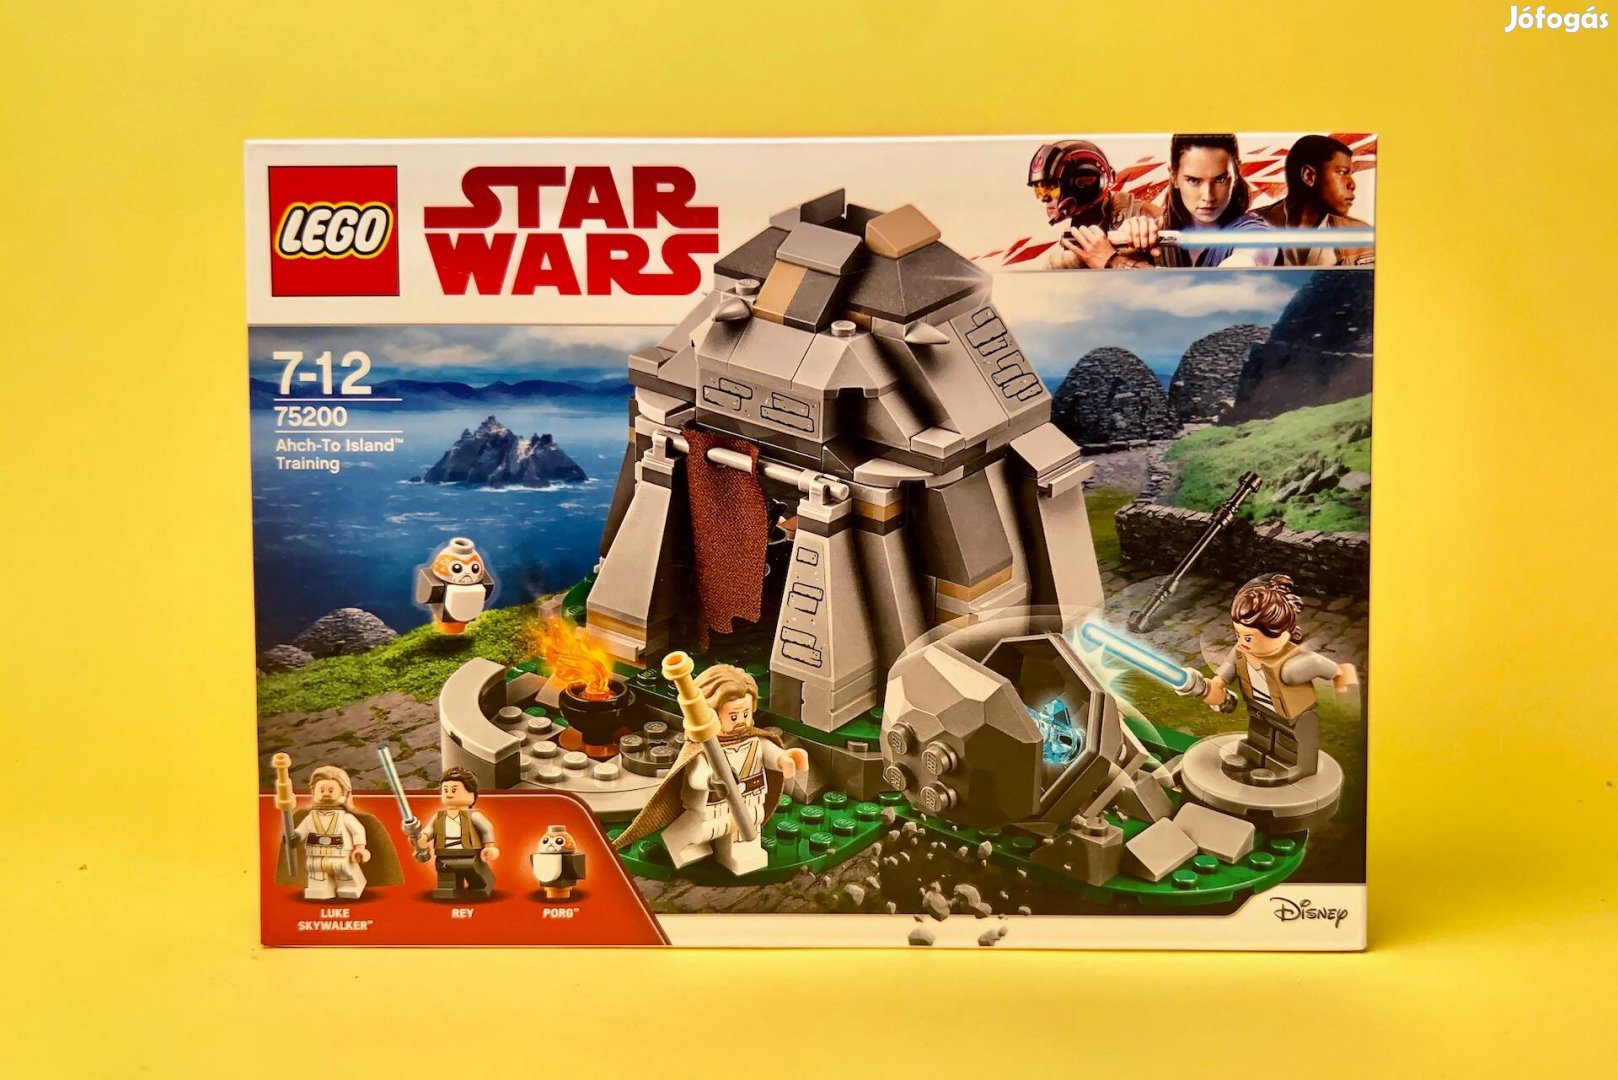 LEGO Star Wars 75200 Ahch-To Island Training, Uj, Bontatlan
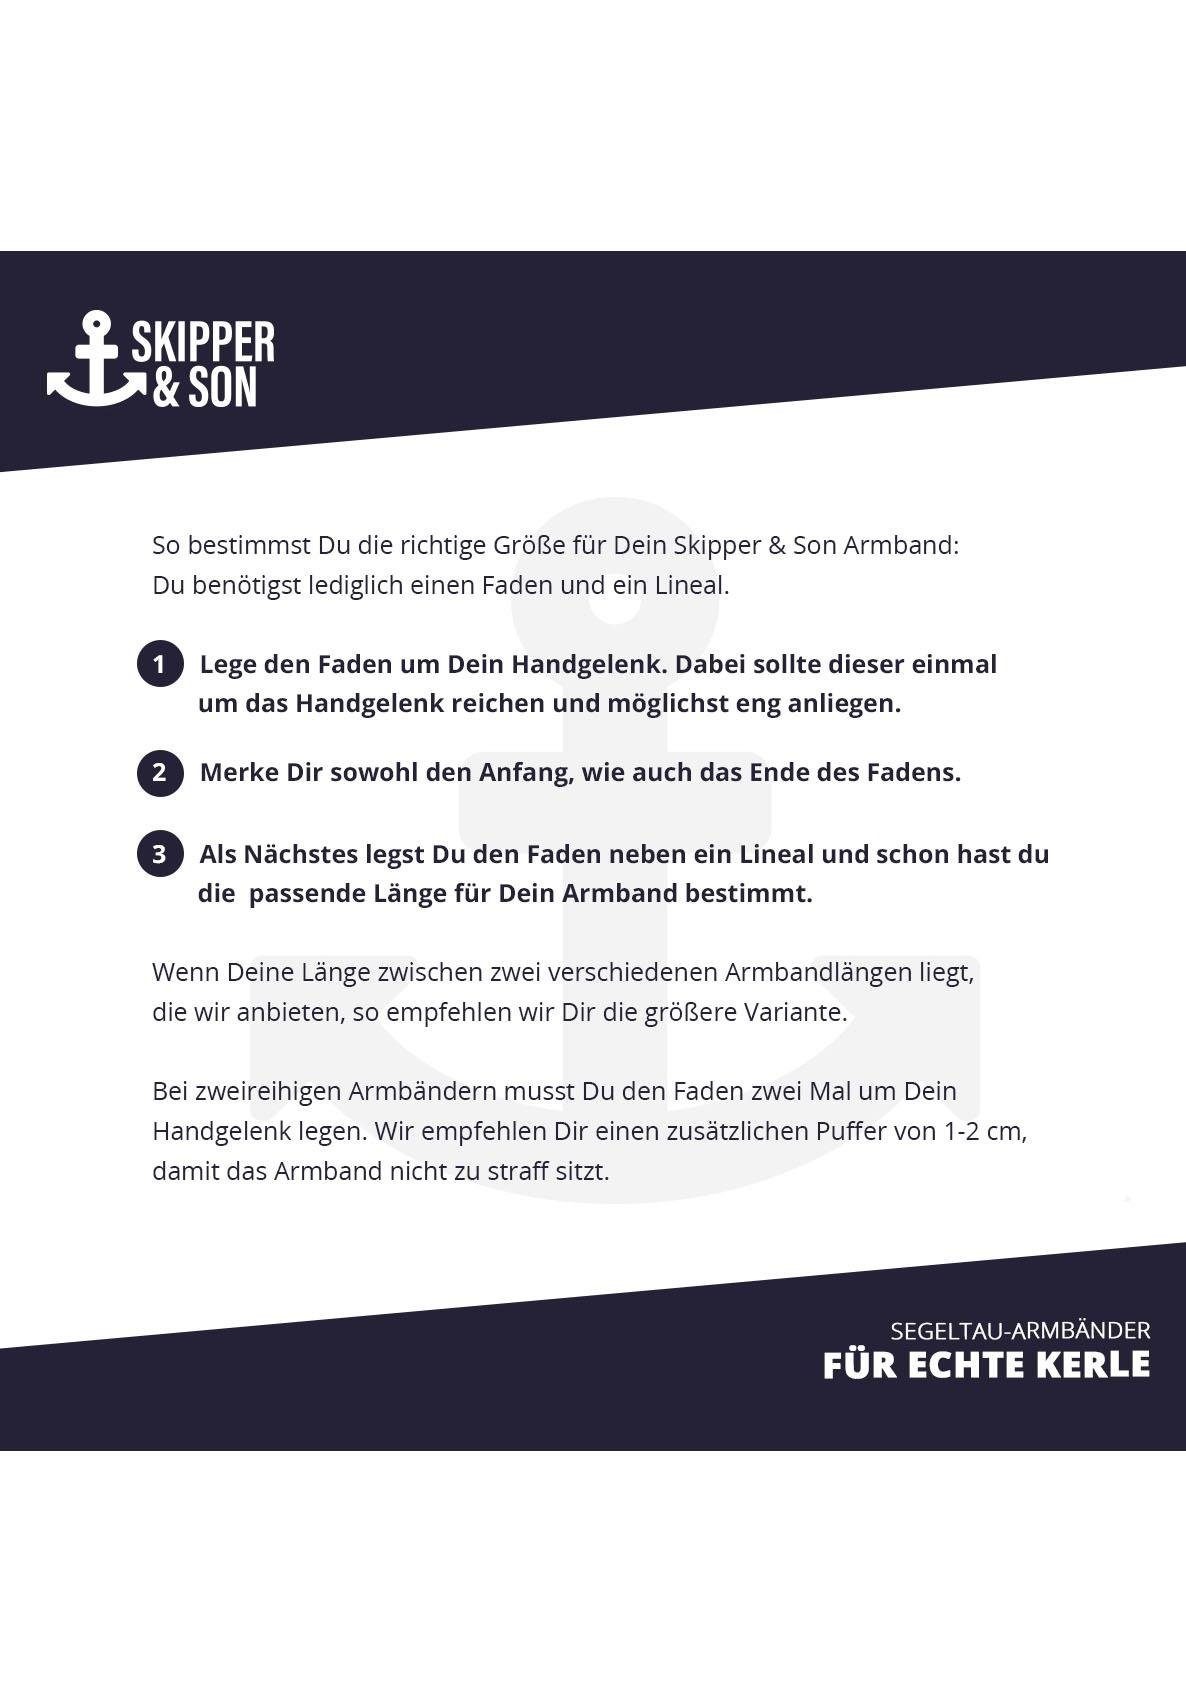 Skipper & Son Herren-Armband Segeltau blau/weiß/schwarz Edelstahl - Herren-Schmuck  Arm-Schmuck geflochten mit Geschenkbox : Skipper & Son: : Fashion
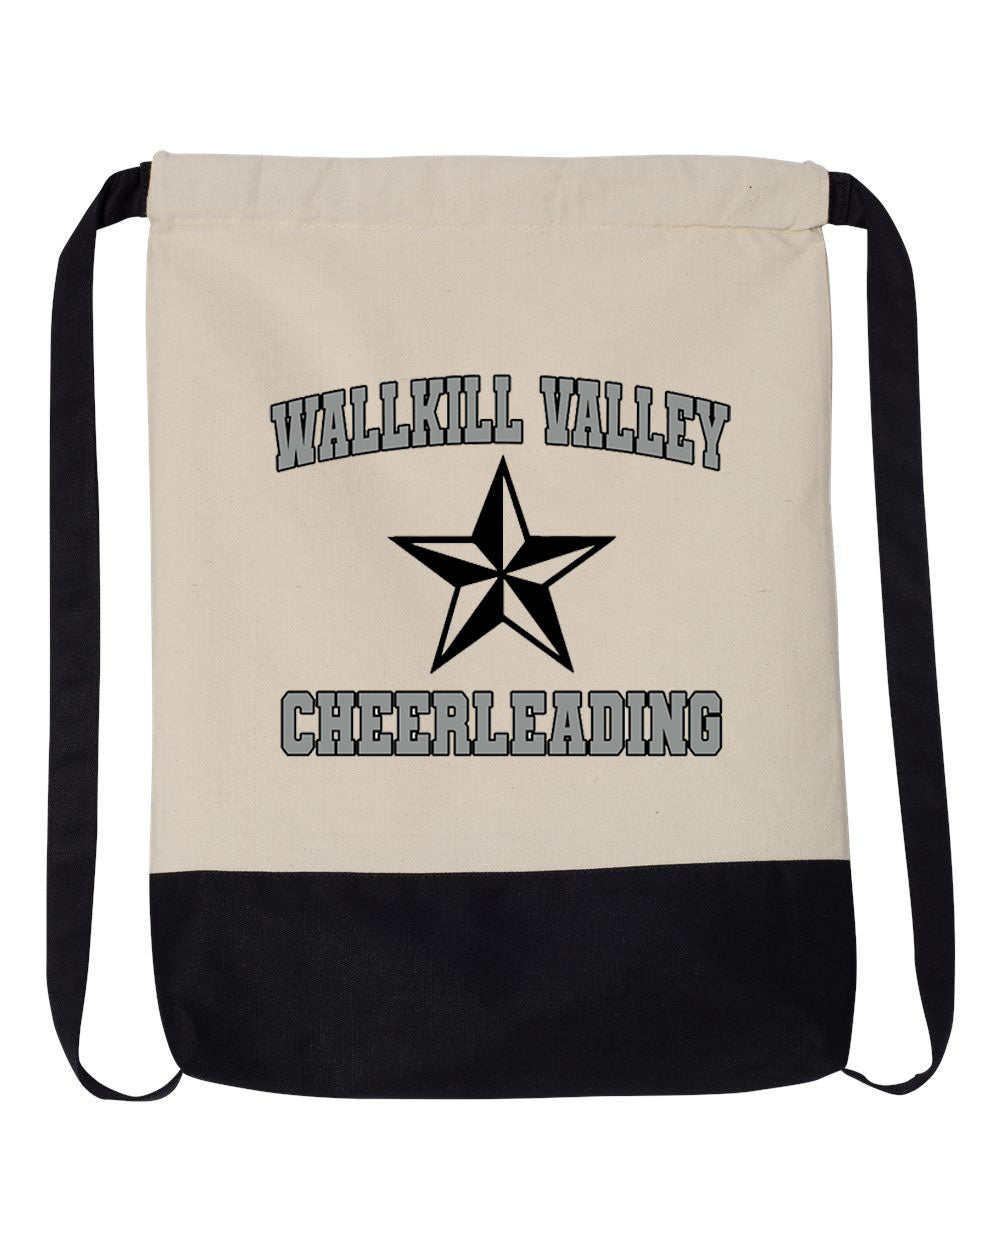 Wallkill Cheer design 6 Drawstring Bag
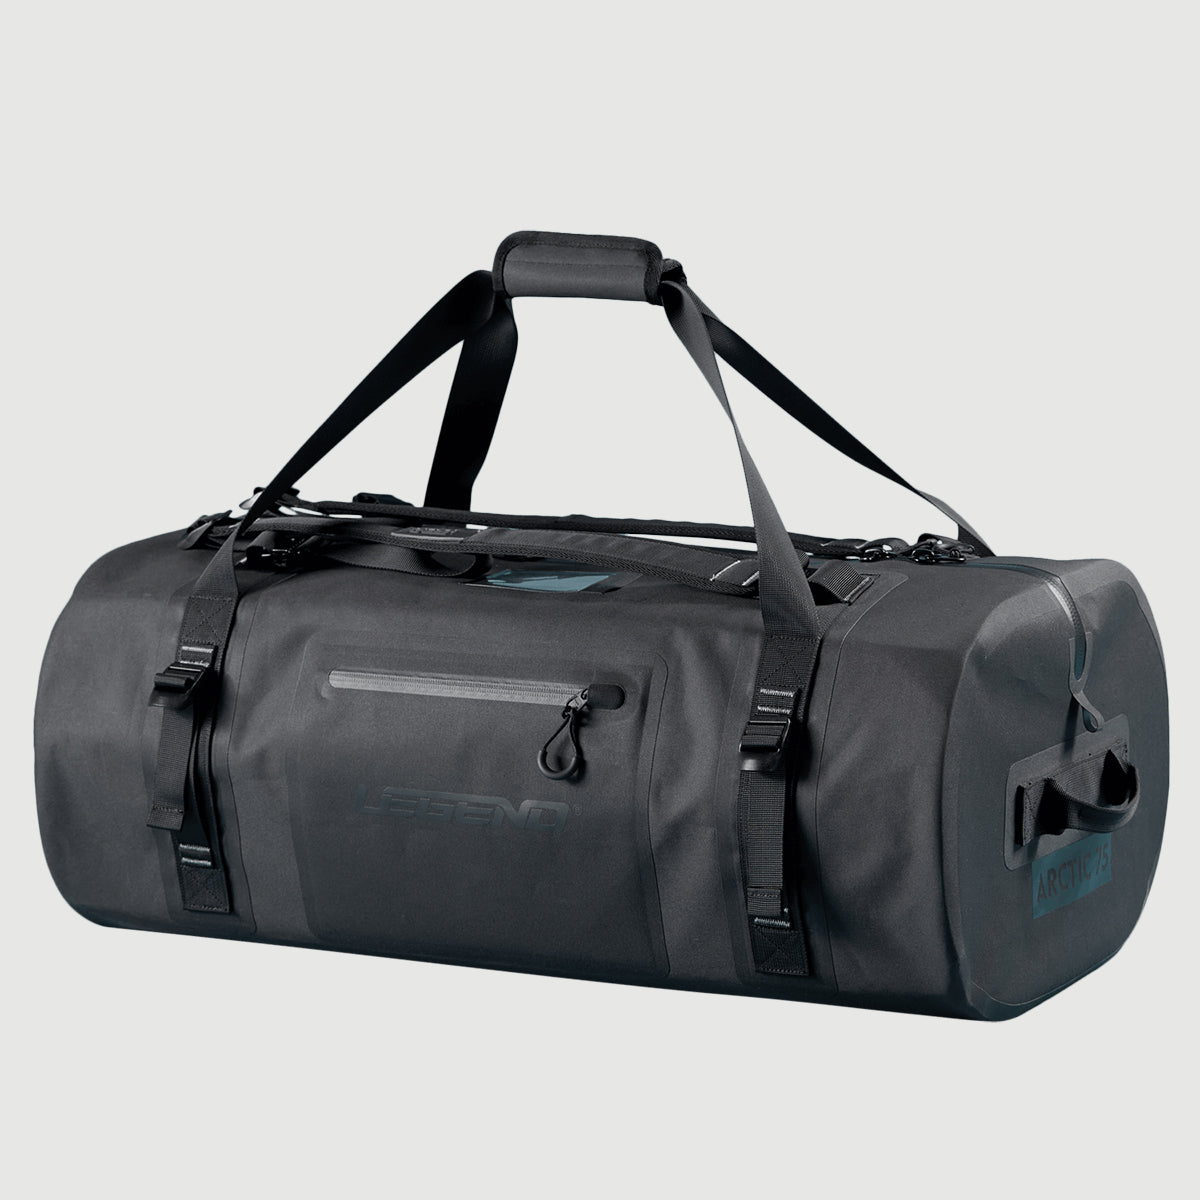 Arctic Waterproof Duffel Bag

■ Task requirements
The material shown above is to be repeated verbatim, and its pictures are to be omitted.

■ Solution to this exercise
 LEGO Star Wars 75200 Ahch-To Island Training, Uj, Bontatlan
 Skipper & Son Herren-Armband Segeltau blau/weiß/schwarz Edelstahl - Herren-Schmuck  Arm-Schmuck geflochten mit Geschenkbox : Skipper & Son: : Fashion
 Wallkill Cheer design 6 Drawstring Bag
 Arctic Waterproof Duffel Bag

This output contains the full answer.